Thursday, April 1, 2010

The [Non-]Functional [Pancreas] Resume

If you've been keeping up with some of my posts, if you follow my more random tweets on Twitter, or if you're my personal friend on Facebook, you probably know that I have been unfortunately having some issues at work. I am trying my best to look for opportunities and move on to something I am more passionate about. This isn't to say that my current job is doomed, but I feel it doesn't hurt to start looking around just in case things are headed way far south.  I do realize that the last time I was job-hunting, it took about six months to find what I've got now.

Yet the last time I was job-shopping, I was not considering something that most people would see as a "career change". If you check my resume, I appear to be an administrative assistant with creative leanings.
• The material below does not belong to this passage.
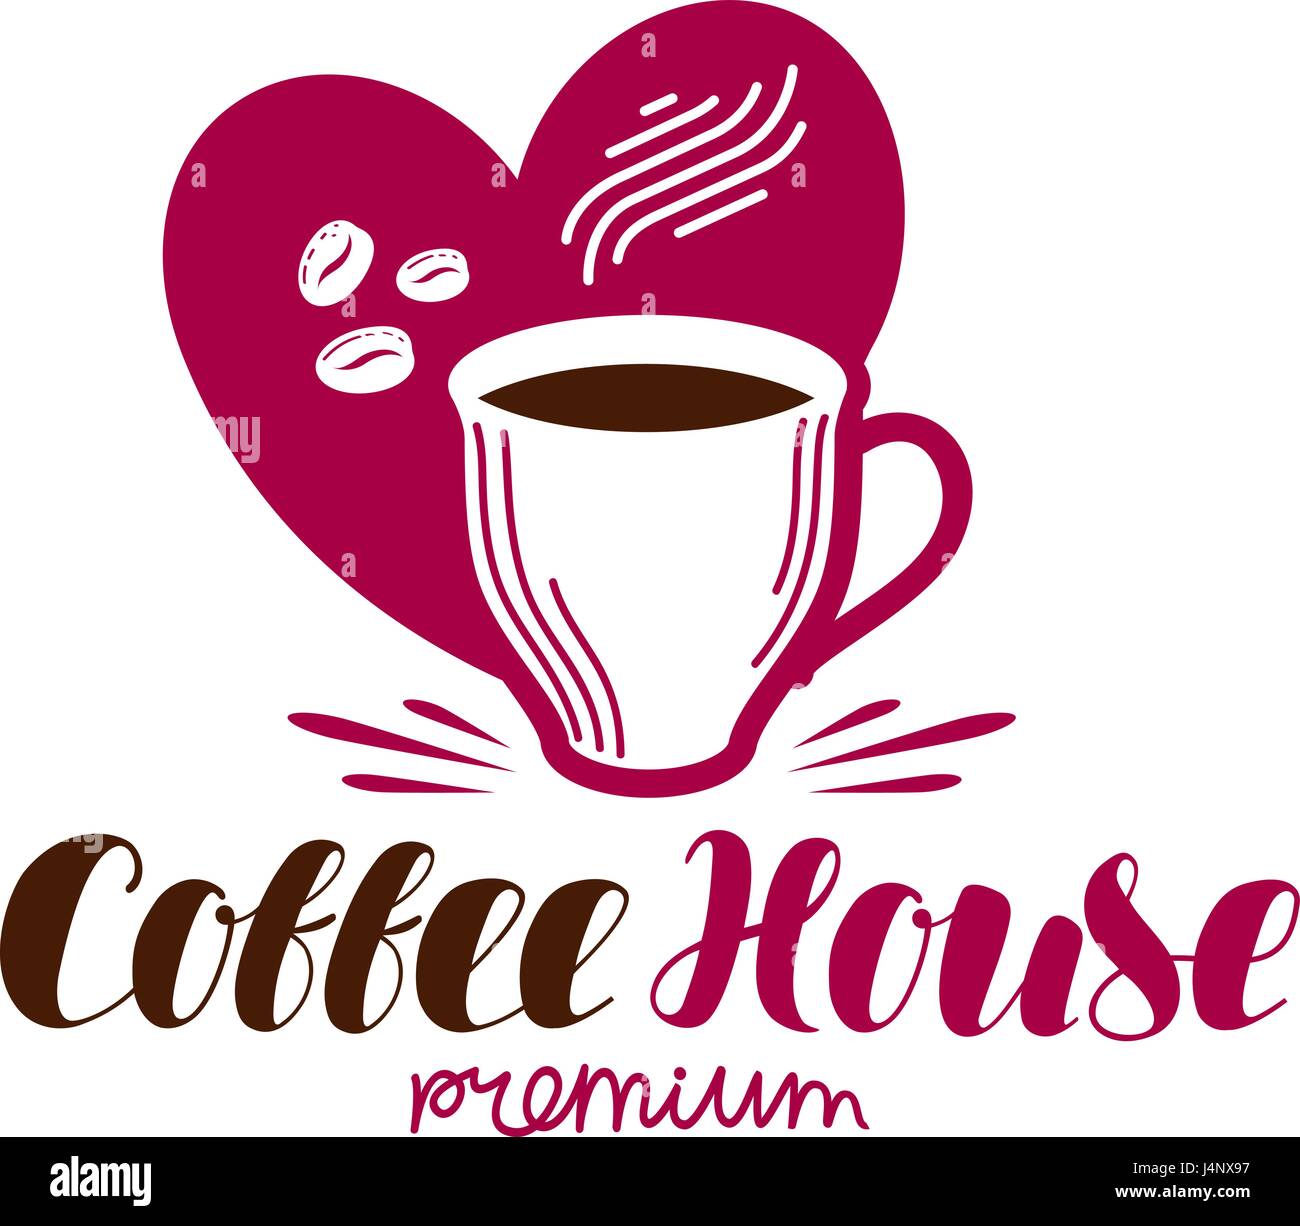 Coffee house, cafe logo. Espresso, cappuccino, hot drink label or icon. Lettering vector illustration Stock Vector
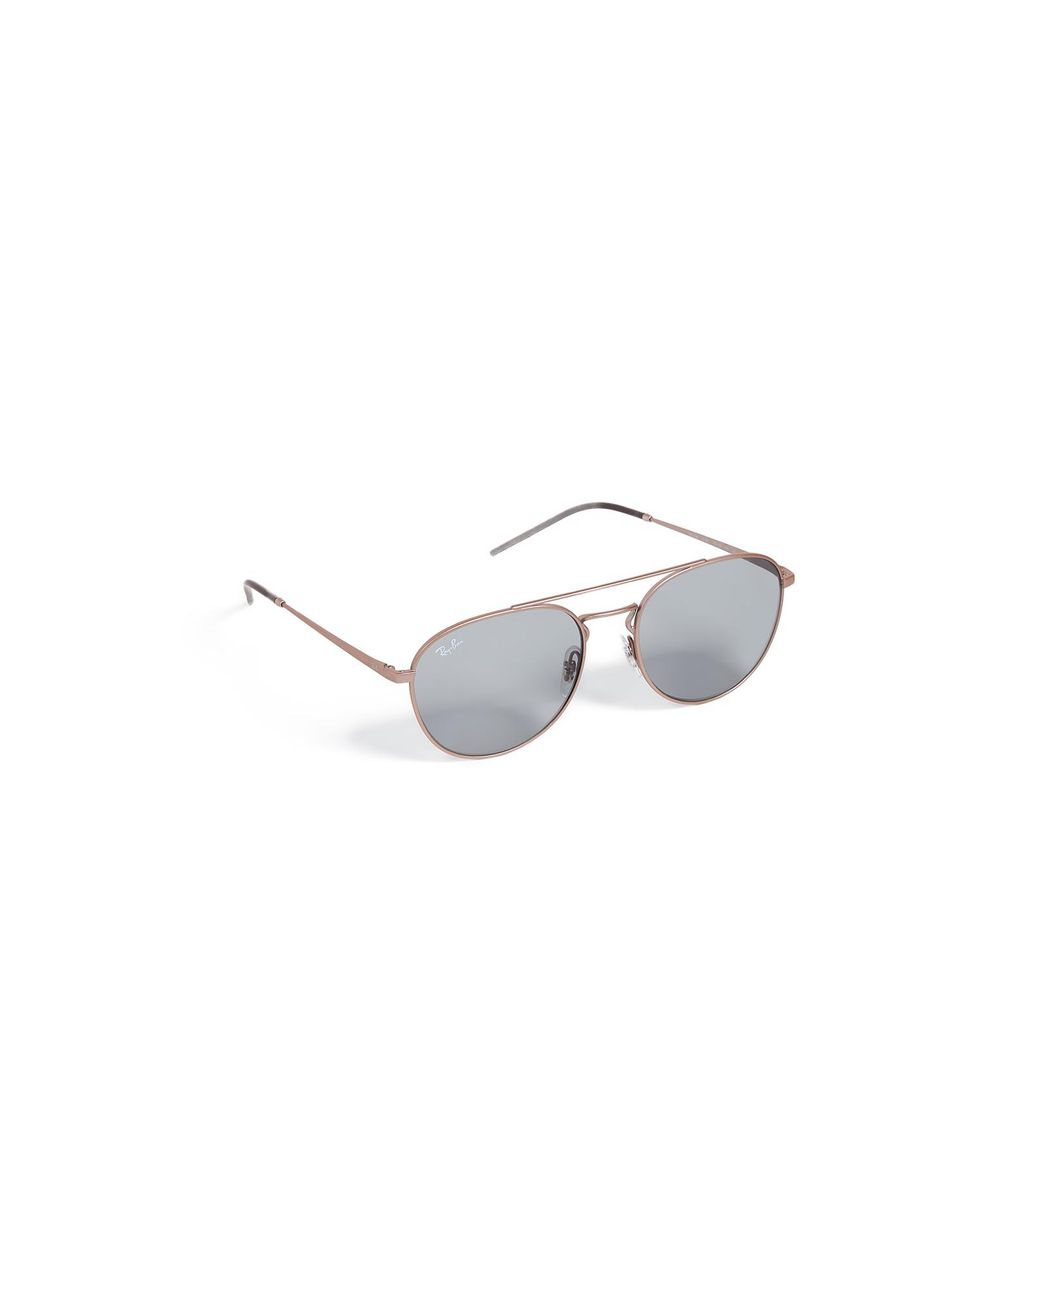 ray ban youngster aviator

I would much prefer to be seen as an entry-level creative, or a creative assistant with helpful administrative skills; however, since 2004, with the exception of one job, my work has been less than creative in nature.

In preparation for attempting a change in my career focus, I've been reading up on a lot of things--how to write cover letters, whether to consider internships, where networking opportunities might lie. I've been trying to write more, and in more place. I've been signing up for freelance writing job lists, trying to gather some clips. My degree is in Communications. I even ordered a copy of my transcript from my college to see if I could gauge where some of my real strengths lie!

(For the nosy:
Public Relations = B-
Organizational Communications = B
Reporting & Newswriting = B
Math for Liberal Studies = C- can see what I'm getting at here.)

Yet, I stumbled on one thing today which made me scratch my head in curiosity. Something I've never considered before. The Functional Resume. The idea is that you make lists of your transferable skills and/or your essential job functions, whatever you'd like to call them, and let your actual experiences speak for themselves, rather than letting the job titles and times you were employed speak for you. I am considering doing this for myself.

Regardless of the type of resume I choose for myself, I am wondering this: is it wise to include my blogging experience? I mean, a lot of media/marketing/PR-type jobs these days want to know about your social media experience. I'm not sure if I can brag about my 86 Facebook fans or my 337 Twitter followers--God forbid a potential employer be turned off by my oh-so-geeky status updates or my occasionally profanity-laden tweets--but I think it's important for people to know that I'm using these things.

I guess it wouldn't be so bad if I were just an everyday blogger. Somebody writing about their life as an entertaining memoir or writing about nerdy pop-culture or talking about food. Sometimes, I am that blogger, but this blog was founded around living with diabetes. Some people will not even mention diabetes until after they've landed a job. I am thinking the functional resume could be my answer. I do not have to specifically show that the blog I author revolves around diabetes--a potential suitor, er, employer would only need to know that I'm a blogger with a pretty decent following who is into social media platforms. Ta-da! Maybe!

I don't like feeling like I'm lying to potential employers. If I just list "Author--Blog Name Withheld" or something, they are either going to think (a) that's the blog's title, which is dishonest, or (b) I am writing a dirty, kinky, NSFW sex blog.

I am thinking a functional resume could be the answer to my diabetes blog disclosure problem.

How will this all work out? I will hopefully be able to tell you for sure in less than six months. We'll see.